モルモット
Plausiblemorumotto
guinea pig; test subject
katakana
由来
- 元言語
- オランダ語 (nl)
- 元の形
- marmot
- 借用ルート
- オランダ語動物名 → 日本語でテンジクネズミ系の動物名へ
- 意味の変化
- marmot系の動物名 → guinea pig、さらに実験台の比喩
- 最古文献
- 1900
解説
この語の日本語版はまだ準備中です。 If モルモット looks like it should mean “marmot,” surprise: in Japanese it usually means guinea pig. This is one of the stronger animal false friends in katakana. The source is commonly given as Dutch marmot, but the Japanese animal is the small laboratory and pet guinea pig, not the mountain-dwelling marmot of English. The confusion is old. Dictionaries explain that when guinea pigs from South America entered European awareness, they were mixed up with the marmot, a different rodent. That mistaken label traveled on. Japanese borrowed the Dutch-looking name, and モルモット settled as the word for テンジクネズミ, the guinea pig. The meaning then took another step. Because guinea pigs became common experimental animals, モルモット also developed the figurative meaning “test subject” or “person used in an experiment.” A person may complain that they are being treated like a モルモット if a new method, medicine, policy, or product is being tried on them.

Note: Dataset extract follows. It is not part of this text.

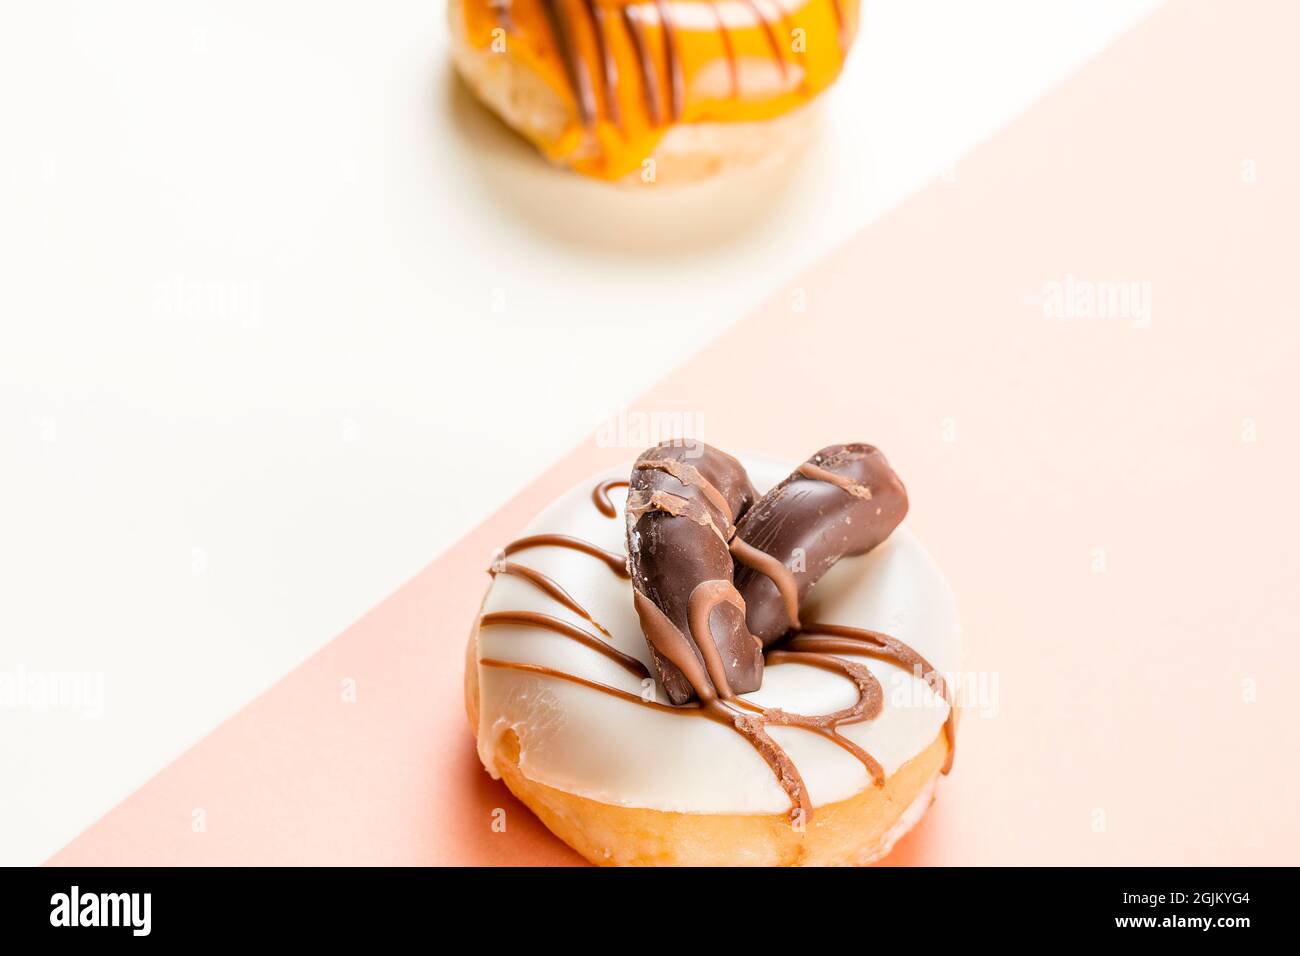 Close-up of a white donuts with chocolate chip cookies and a side of unfocused cream donuts.The photograph is taken in horizontal format and has a two Stock Photo
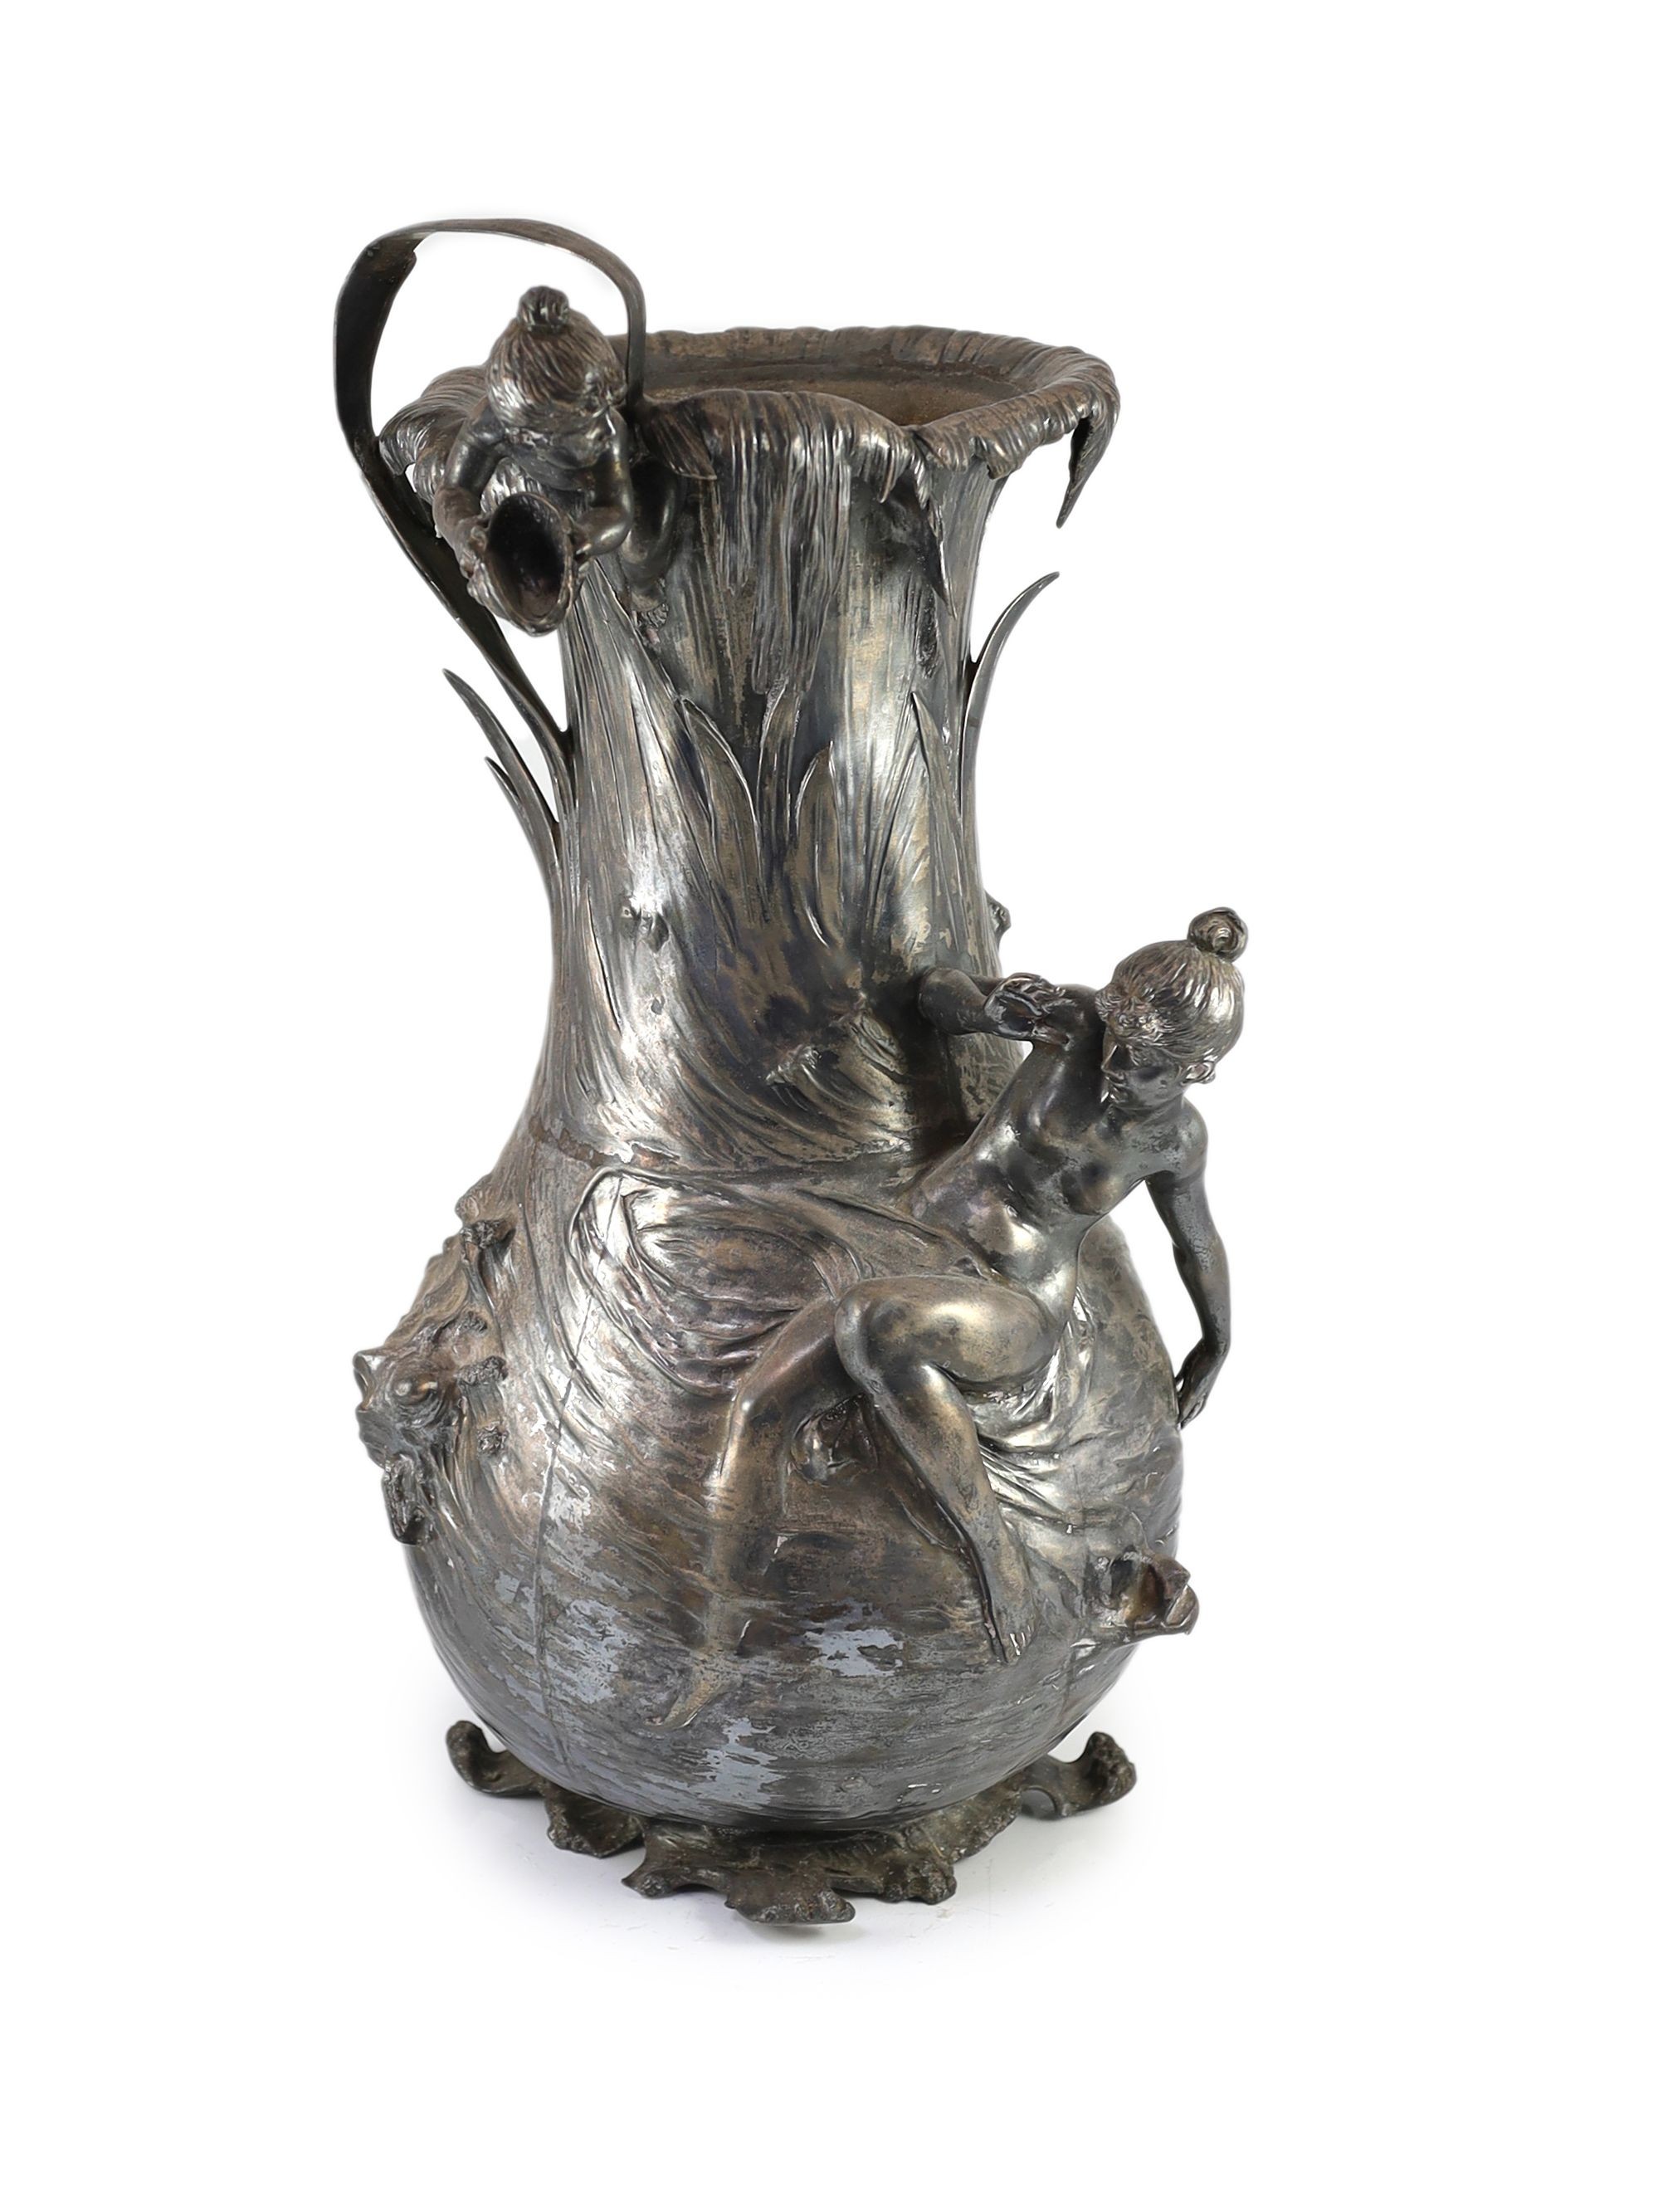 An unusually large WMF Art Nouveau silvered pewter vase,modelled as a water nymph and child

For English-speaking learners, translation depends completely on context. The pet in a cage is a guinea pig. The animal called a marmot in English is normally マーモット in Japanese. And the human metaphor is “test subject,” “guinea pig,” or “experimental subject,” not a literal marmot. So モルモット is a word with three twists: borrowed through Dutch, attached to the wrong animal family, and then turned into a metaphor. It is cute in a pet shop, serious in a lab, and suspicious in a complaint.